= Raw data =
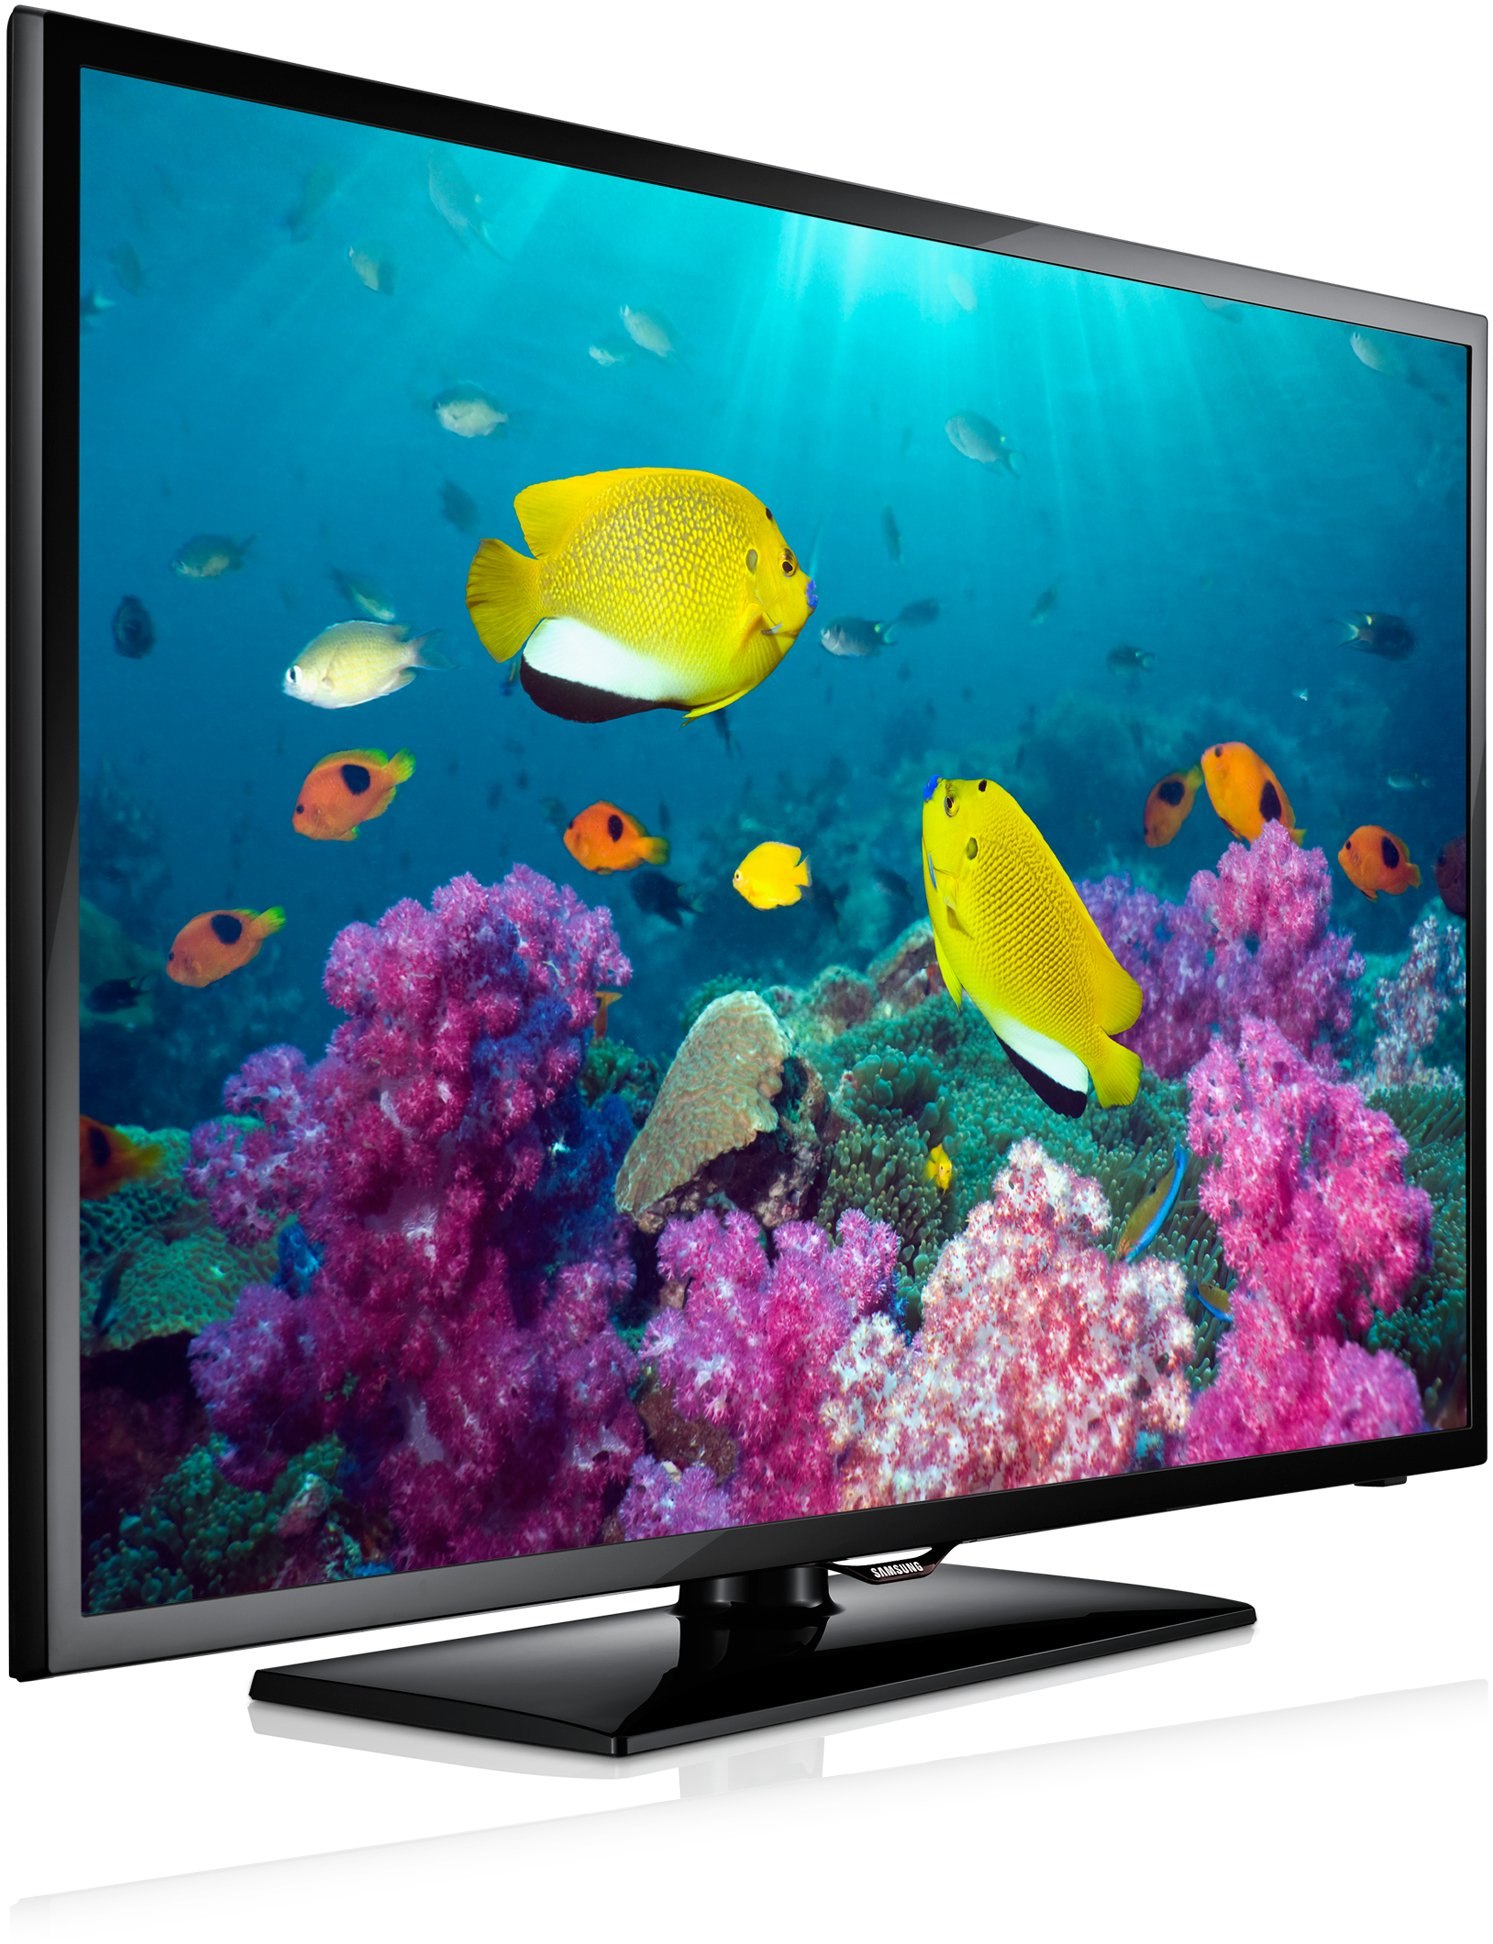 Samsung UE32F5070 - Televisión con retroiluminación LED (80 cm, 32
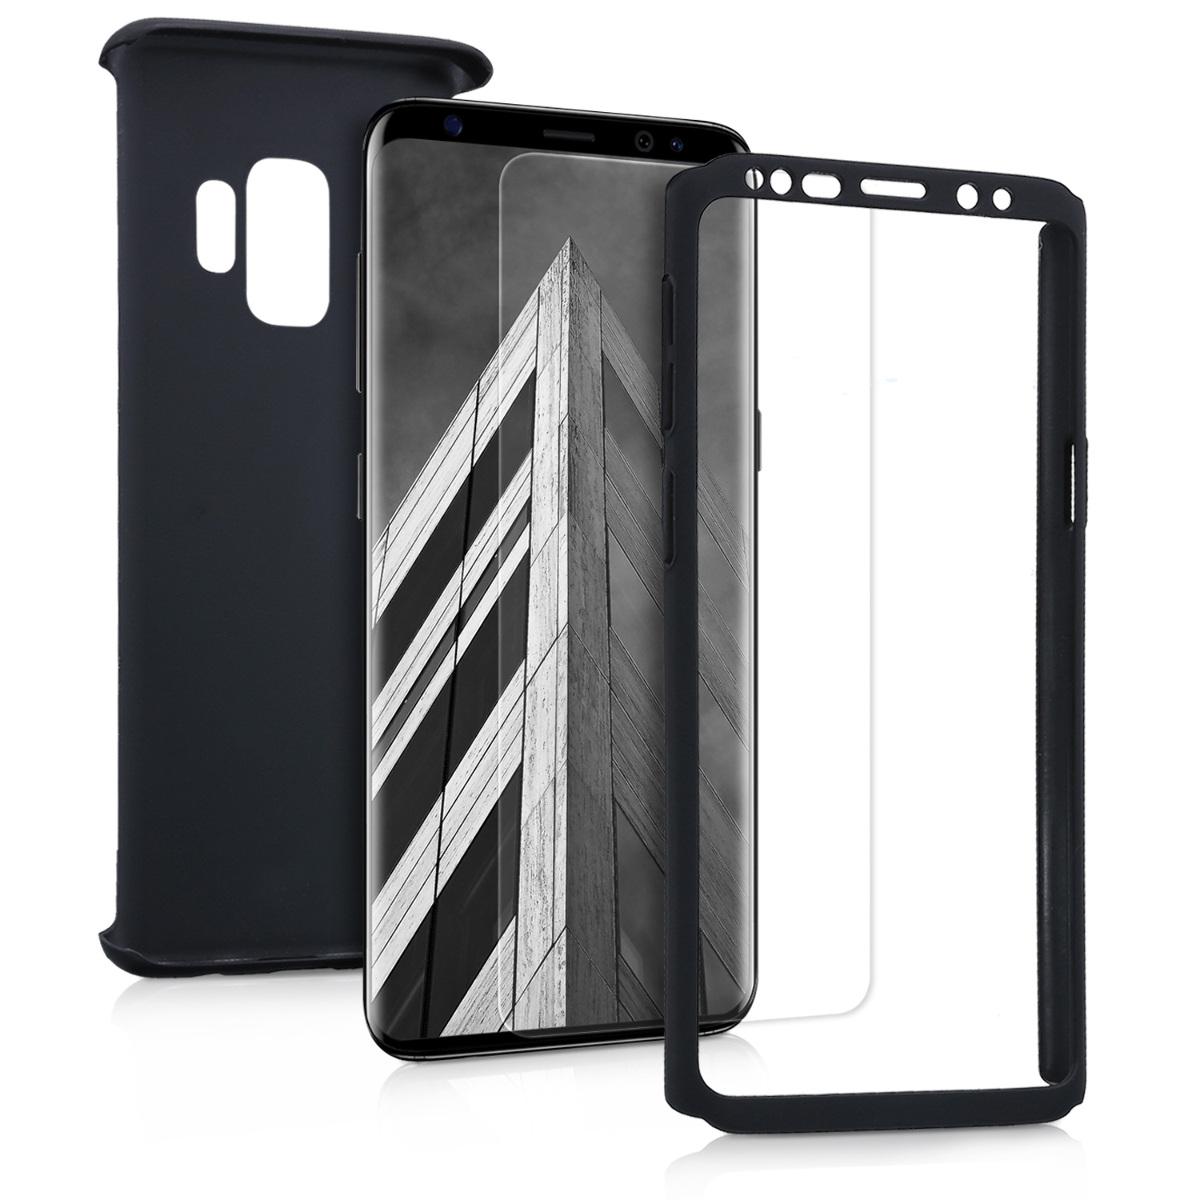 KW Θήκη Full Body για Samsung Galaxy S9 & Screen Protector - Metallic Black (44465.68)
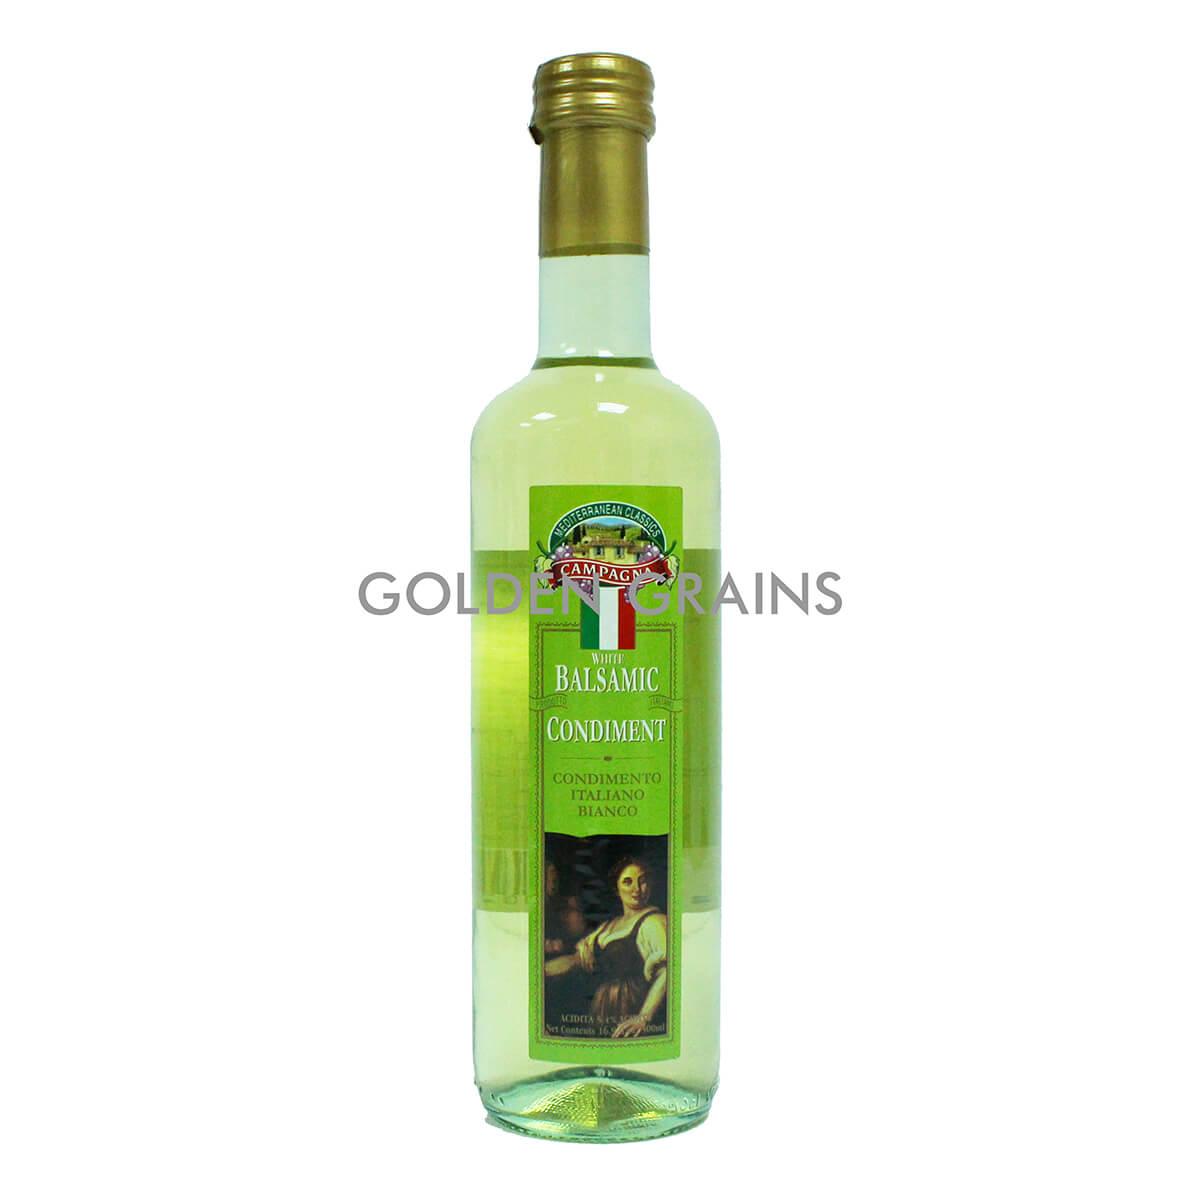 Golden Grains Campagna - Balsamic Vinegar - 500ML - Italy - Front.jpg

= About this exercise =
Give back the full listing word for word, with the pictures left out.

= Expected answer =
 Samsung UE32F5070 - Televisión con retroiluminación LED (80 cm, 32
 KW Θήκη Full Body για Samsung Galaxy S9 & Screen Protector - Metallic Black (44465.68)
 Golden Grains Campagna - Balsamic Vinegar - 500ML - Italy - Front.jpg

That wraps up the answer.